## TASK STATEMENT
From the data below, retype exactly the lines starting with the one that contains "Shop Turtlenecks & Looks Above" and ending with the one that contains "Glückwunsch Pfingsten, Spaziergänger", both included.

## SUPPLIED MATERIAL
============

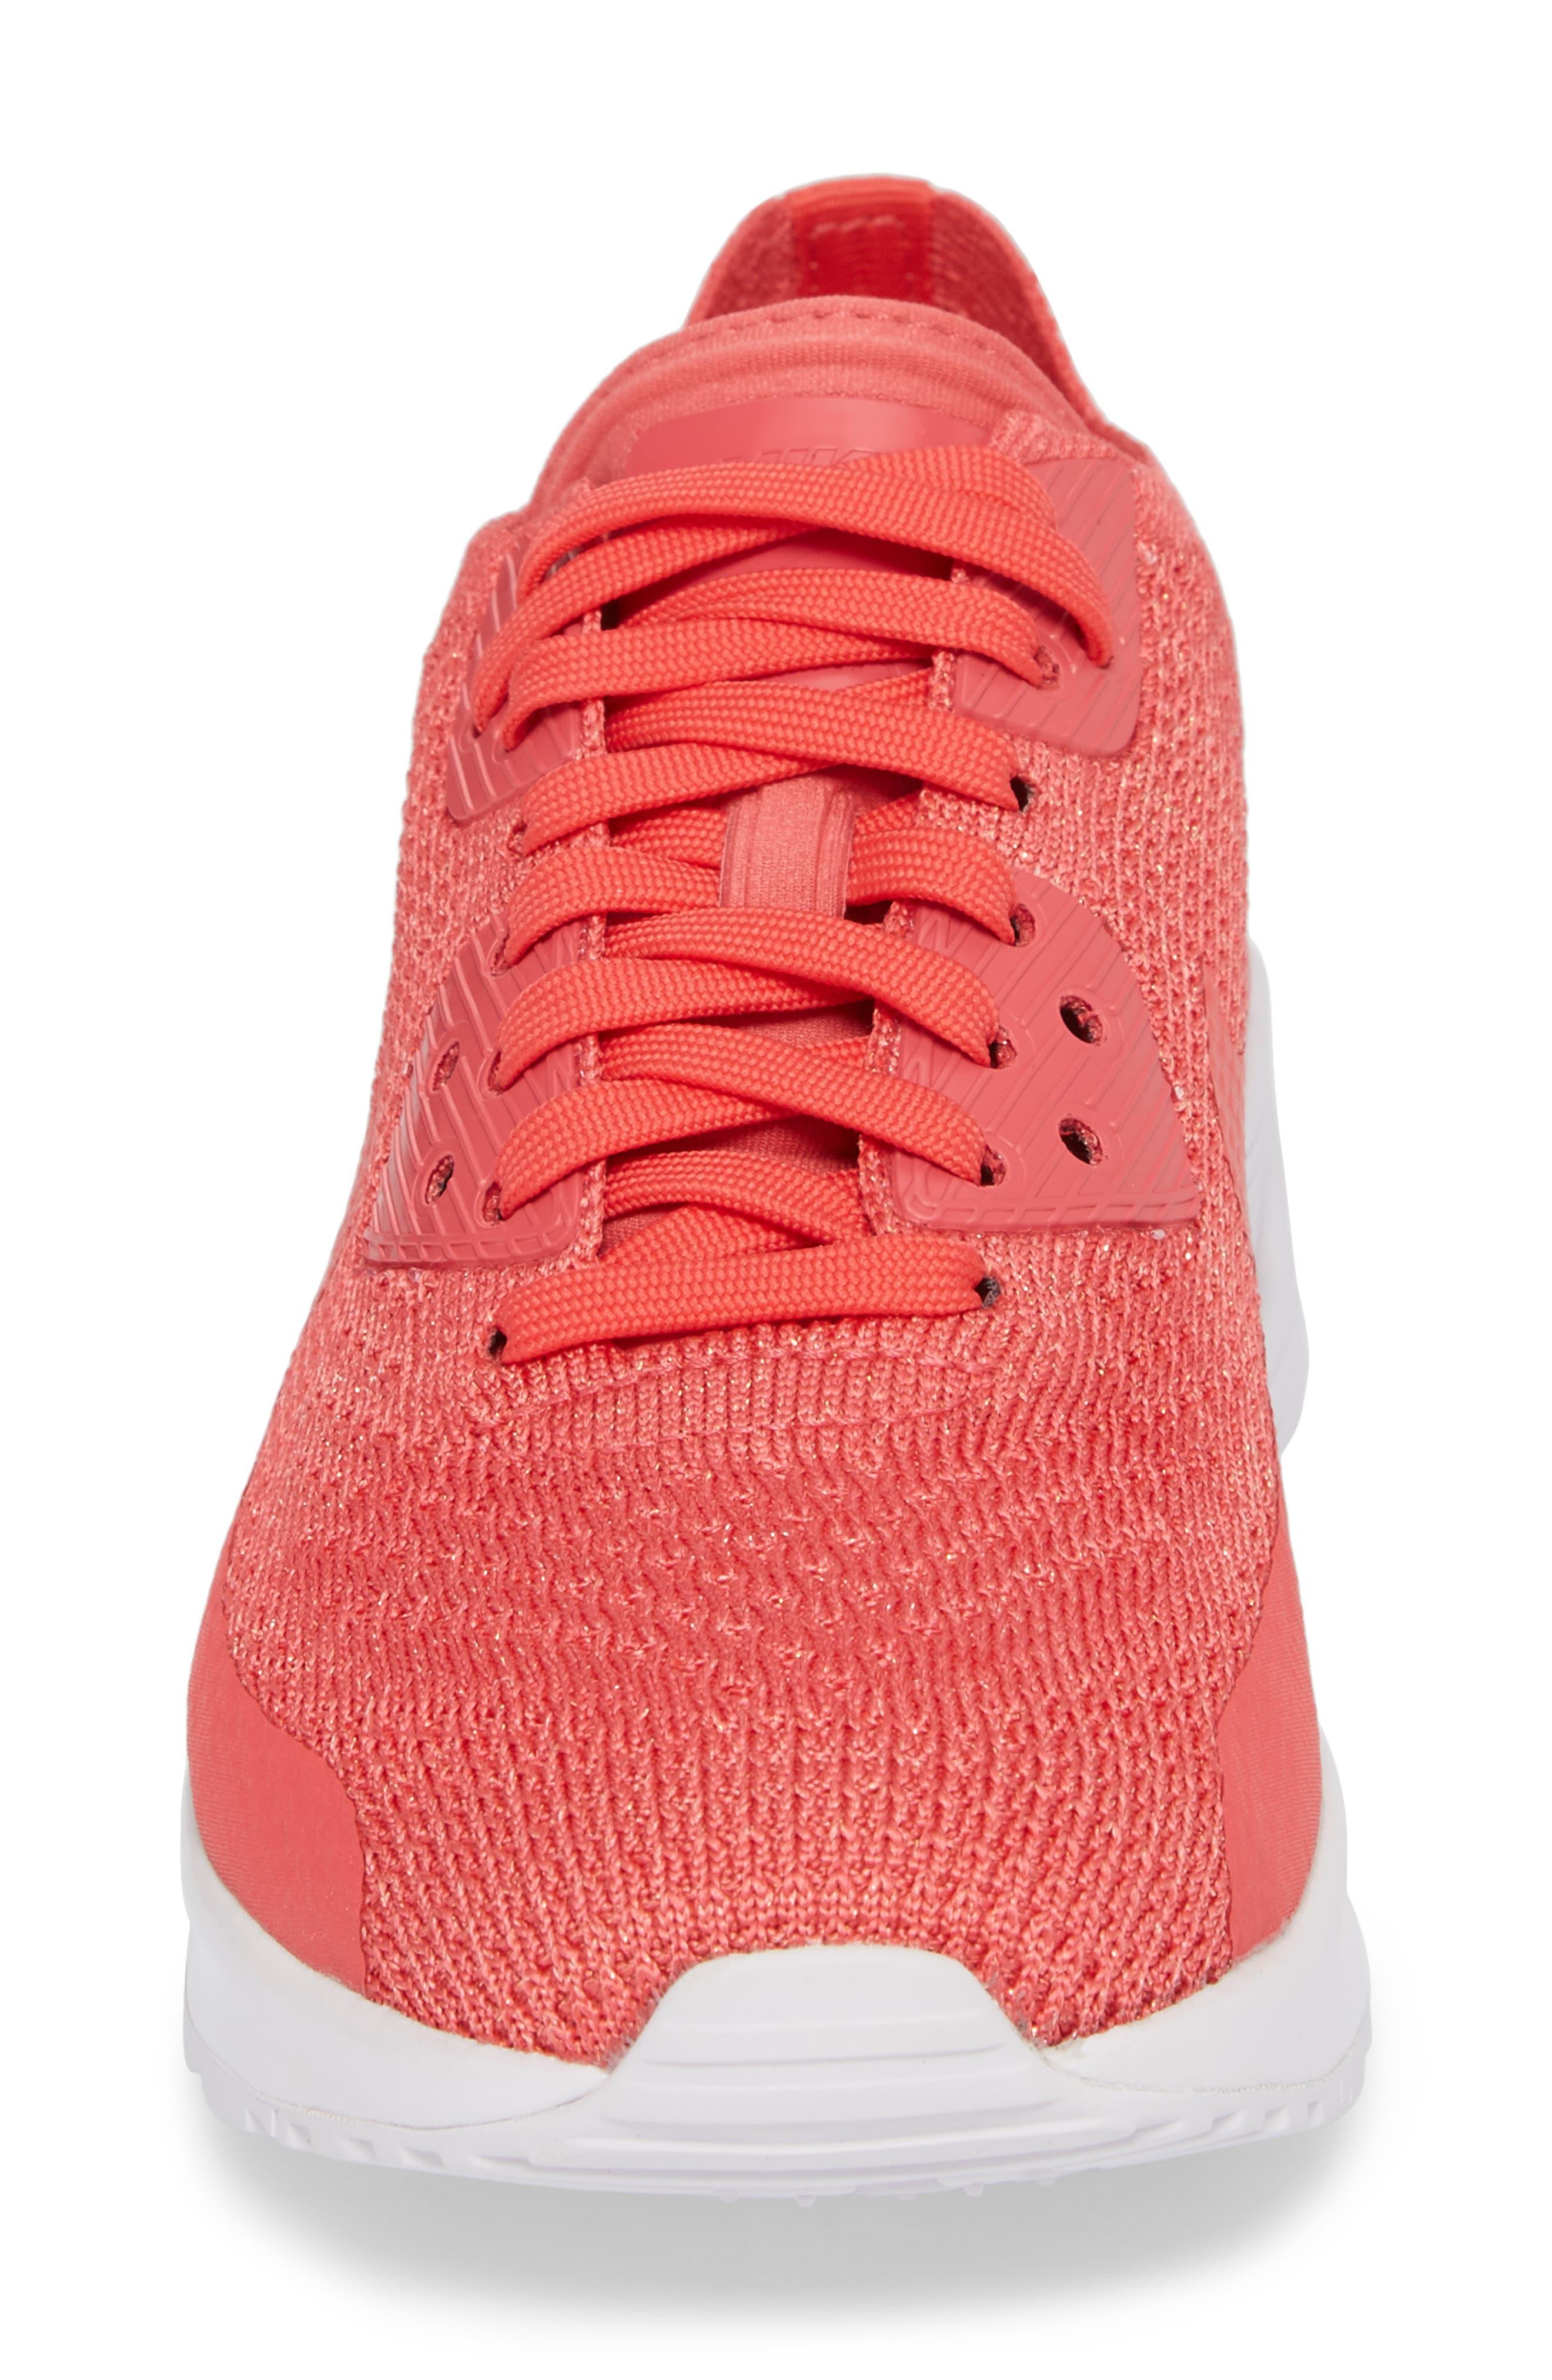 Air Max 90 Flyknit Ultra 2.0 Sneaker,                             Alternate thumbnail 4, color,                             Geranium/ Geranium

============

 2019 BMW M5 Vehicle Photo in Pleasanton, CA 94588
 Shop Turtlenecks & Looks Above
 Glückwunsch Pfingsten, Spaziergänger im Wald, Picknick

============

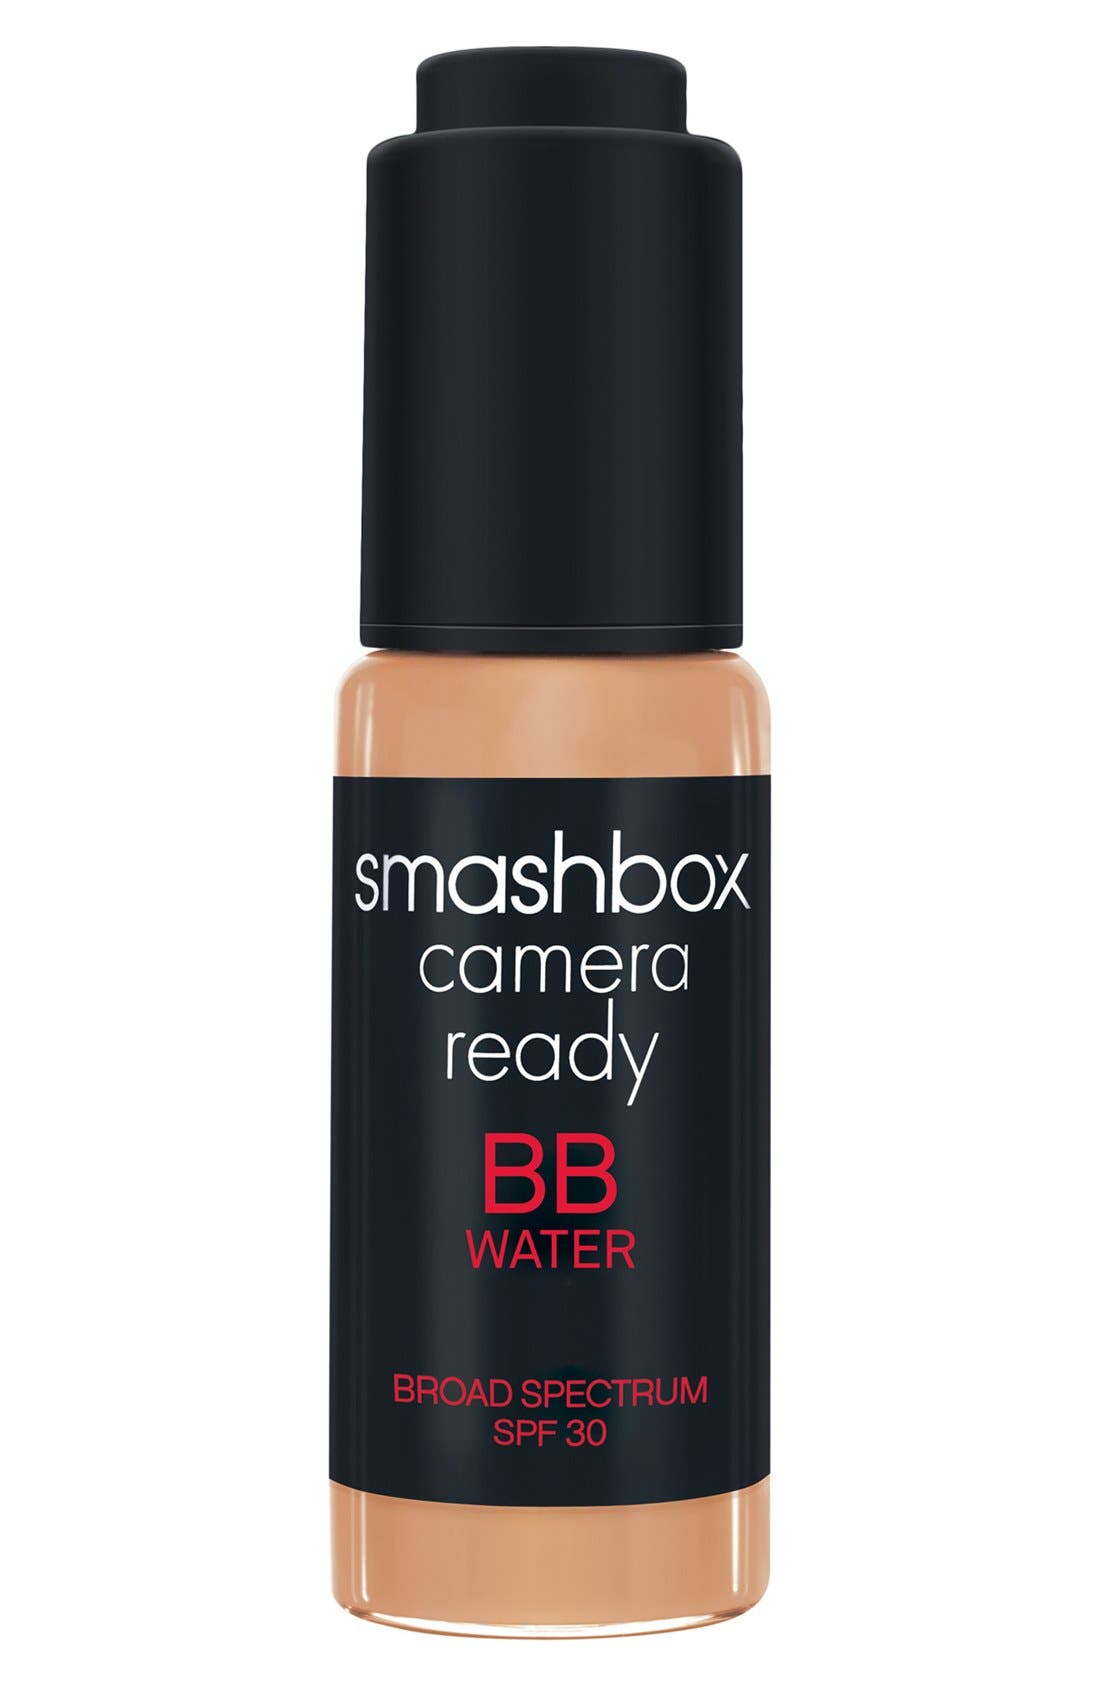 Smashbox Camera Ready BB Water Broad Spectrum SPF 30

============

## WORKED SOLUTION
 Shop Turtlenecks & Looks Above
 Glückwunsch Pfingsten, Spaziergänger im Wald, Picknick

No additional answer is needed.